→ DATA BELOW:
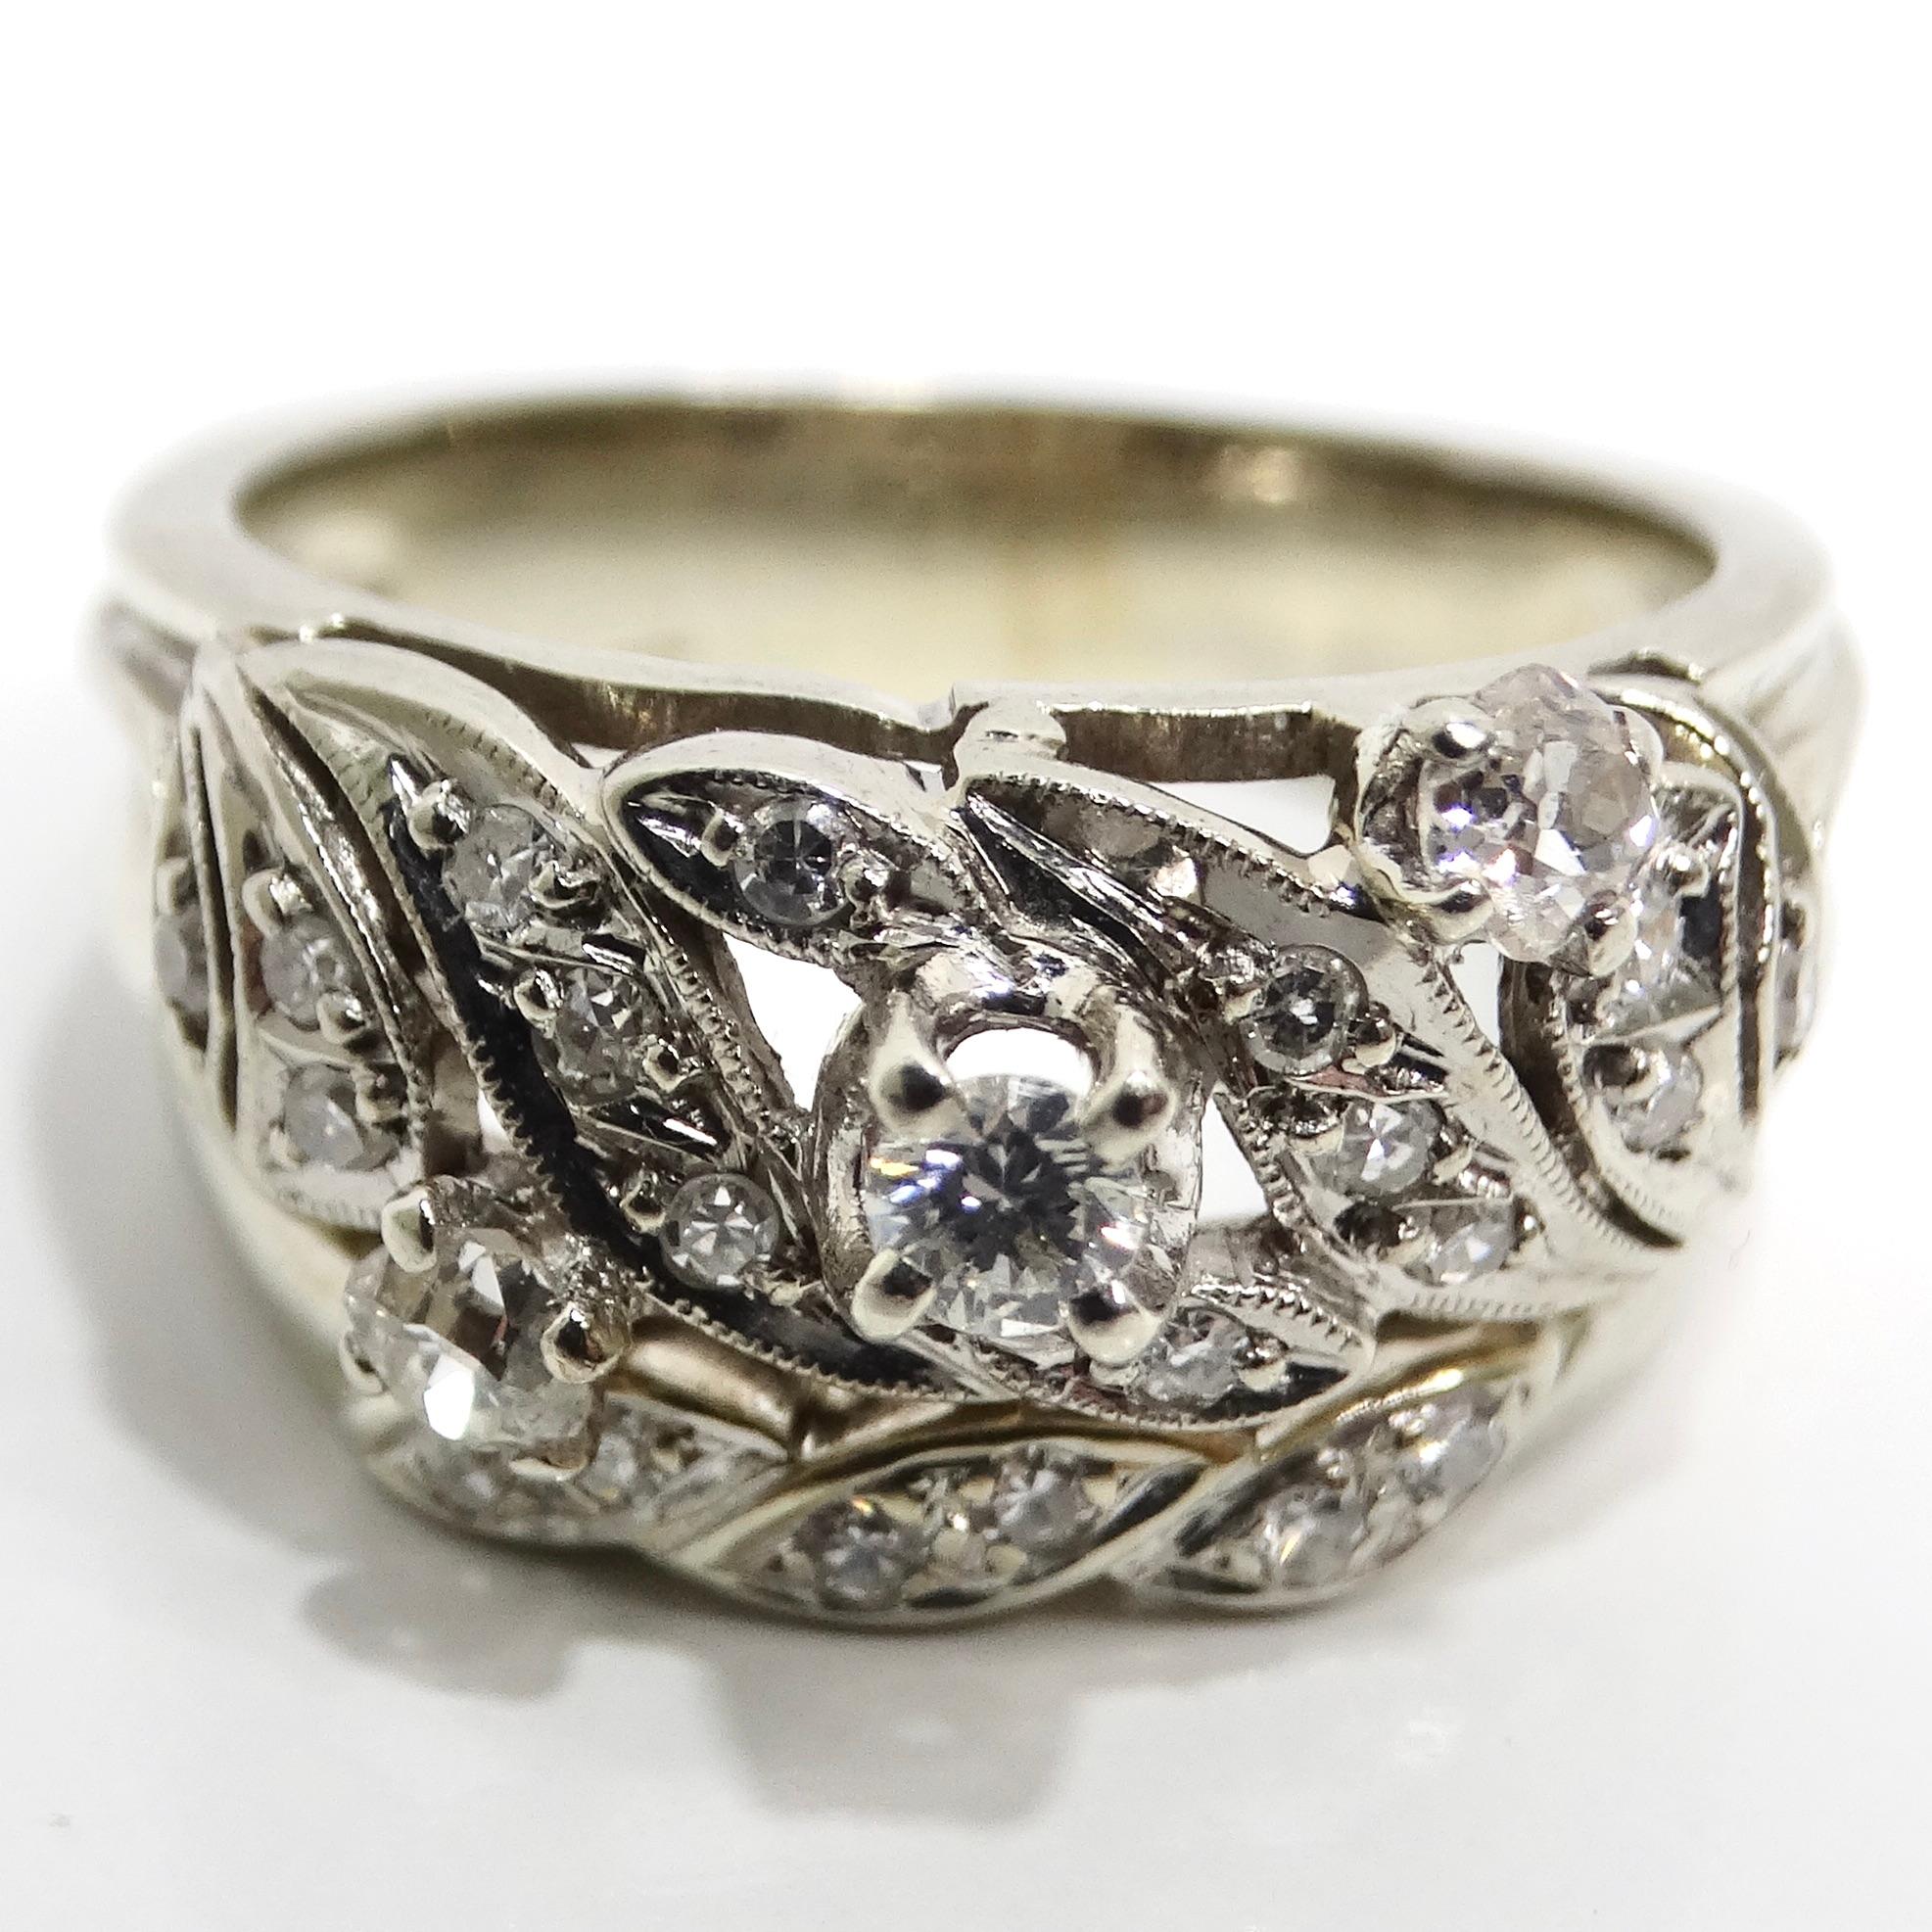 Tauchen Sie ein in die zeitlose Eleganz der 1920er Jahre mit dem French Art Deco Diamond Cocktail Ring, einem klassischen Stück, das Raffinesse und Geschichte ausstrahlt. Dieser aus Platin gefertigte Cocktailring zeichnet sich durch eine skurrile
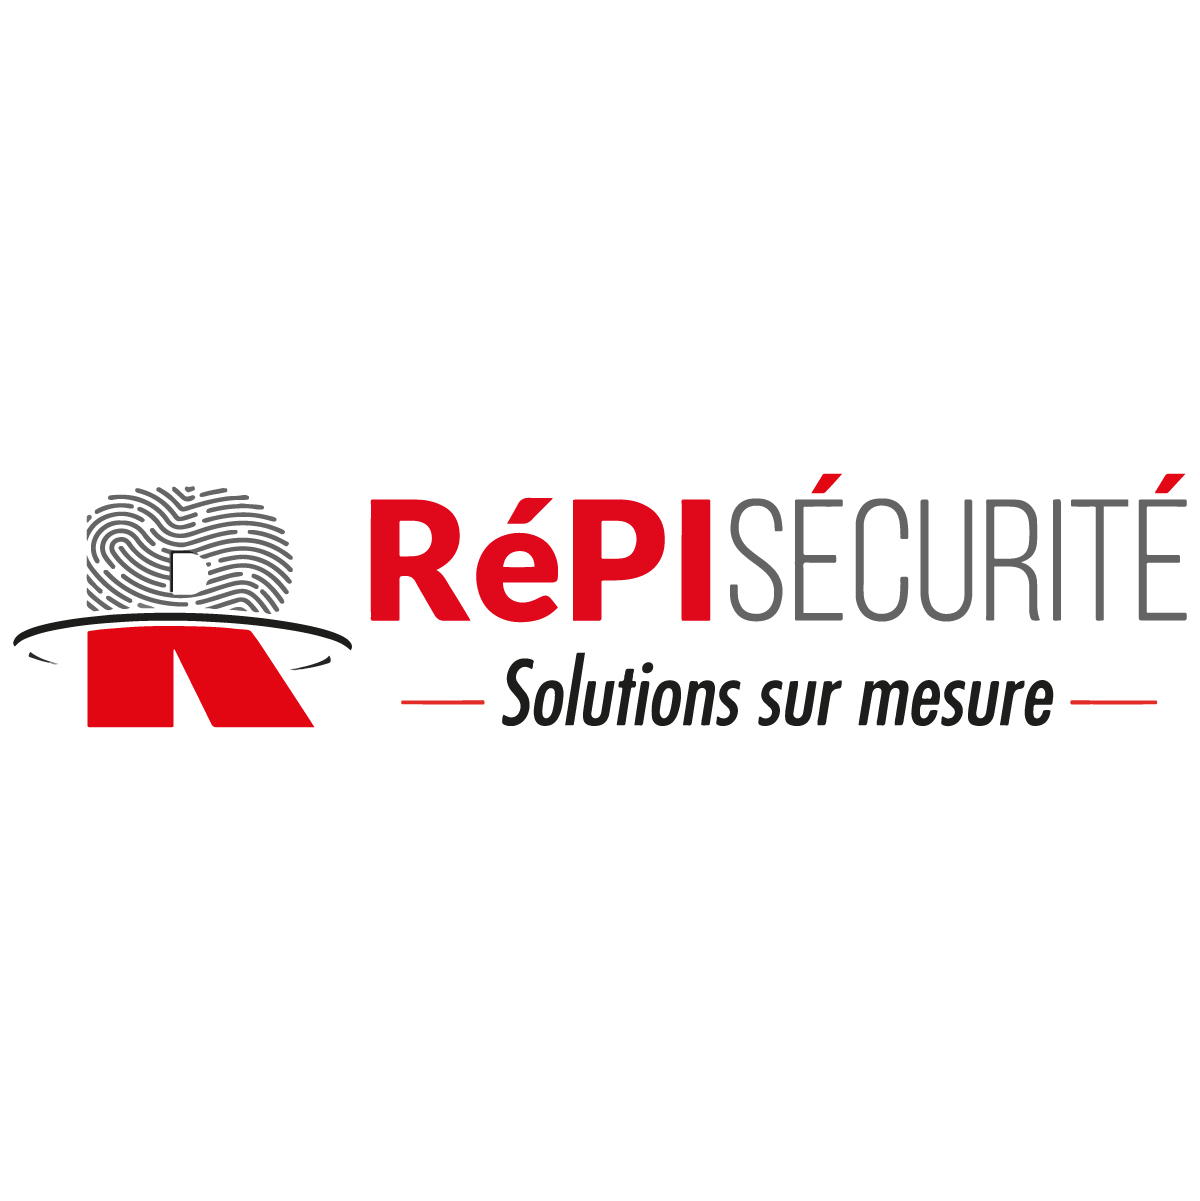 (c) Repi-securite.com
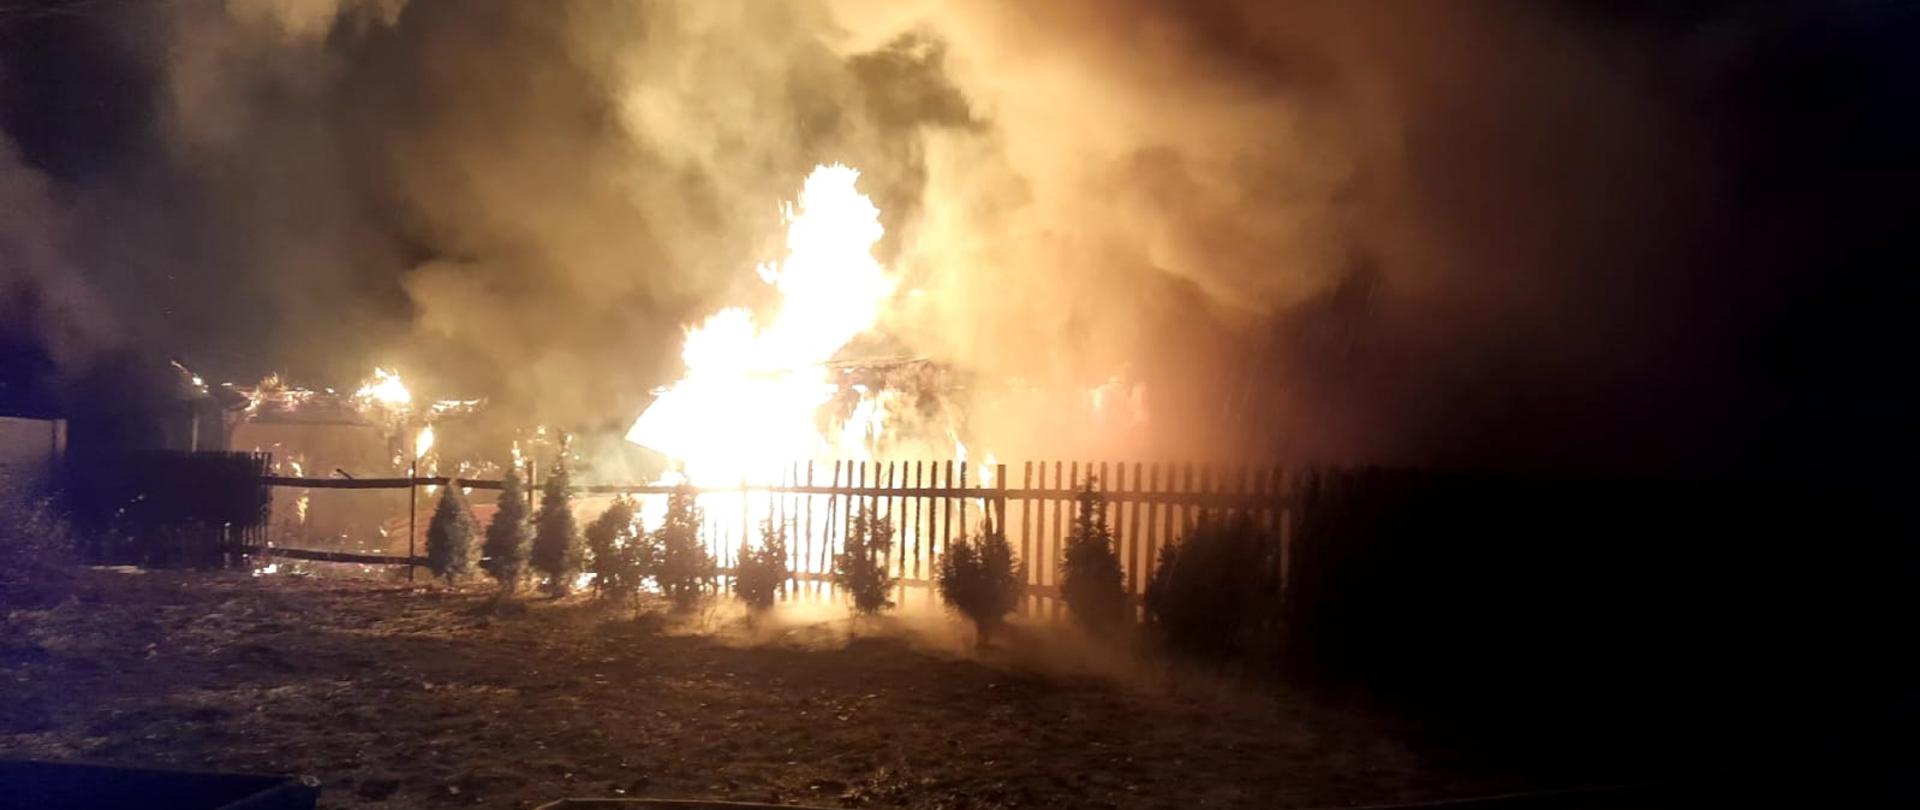 Pożar budynków gospodarczych w Piasku gmina Stąporków
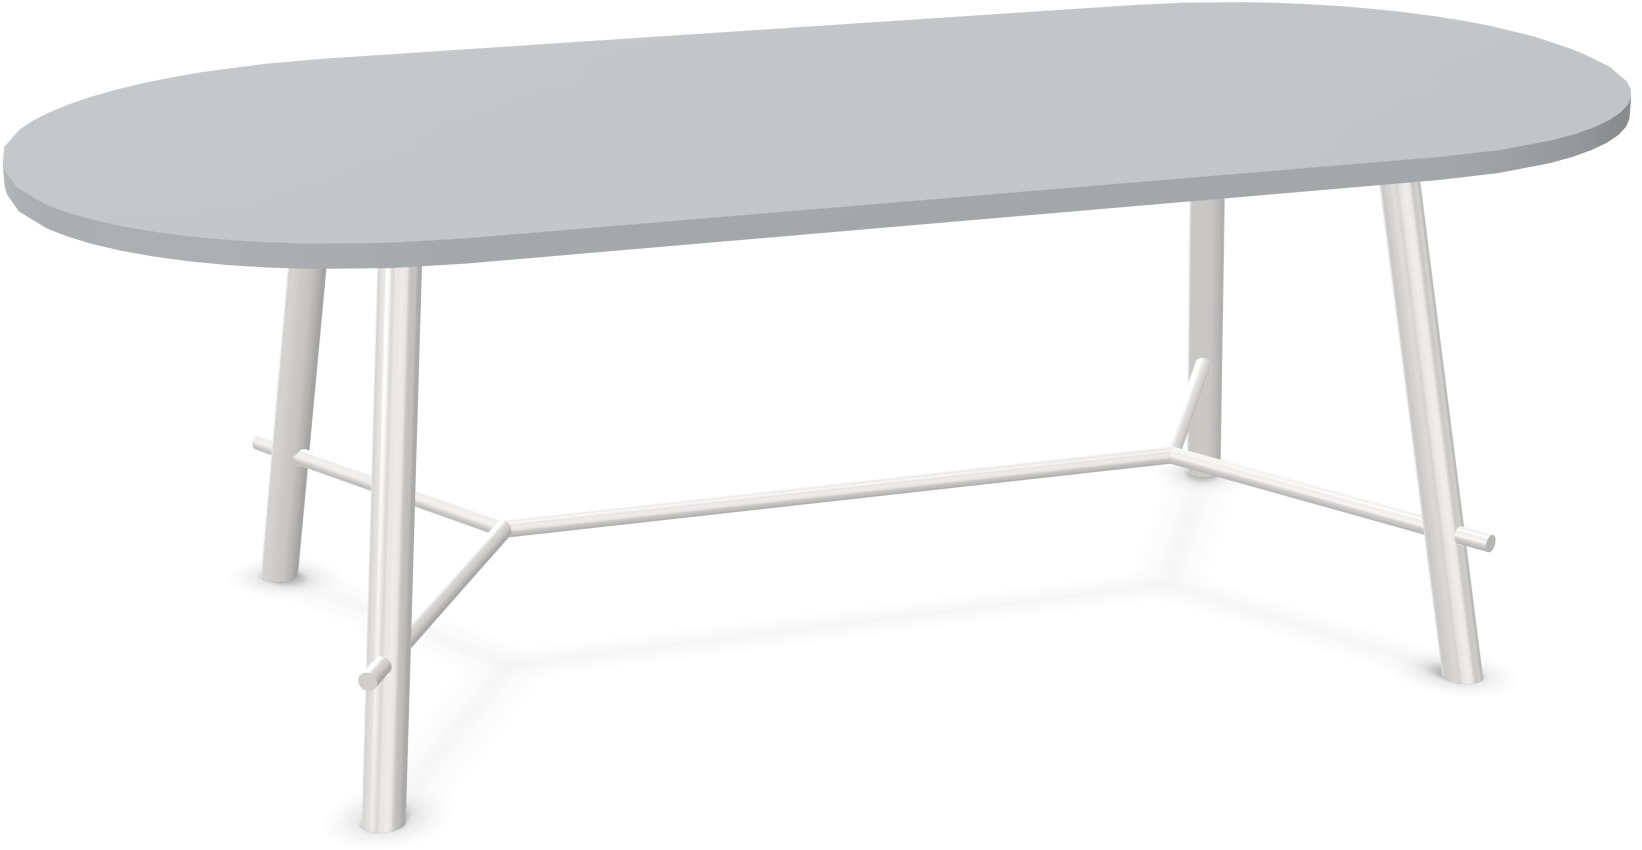 Record Living Tisch in Hellgrau / Weiss präsentiert im Onlineshop von KAQTU Design AG. Esstisch ist von Infiniti Design

→ EXERCISE INSTRUCTIONS: Print the material above word for word, first line through the line with "Pożar budynków gospodarczych", and leave every picture out.

→ RESULT OF THE EXERCISE:
 Tauchen Sie ein in die zeitlose Eleganz der 1920er Jahre mit dem French Art Deco Diamond Cocktail Ring, einem klassischen Stück, das Raffinesse und Geschichte ausstrahlt. Dieser aus Platin gefertigte Cocktailring zeichnet sich durch eine skurrile
 (c) Repi-securite.com
 Pożar budynków gospodarczych w Piasku gmina Stąporków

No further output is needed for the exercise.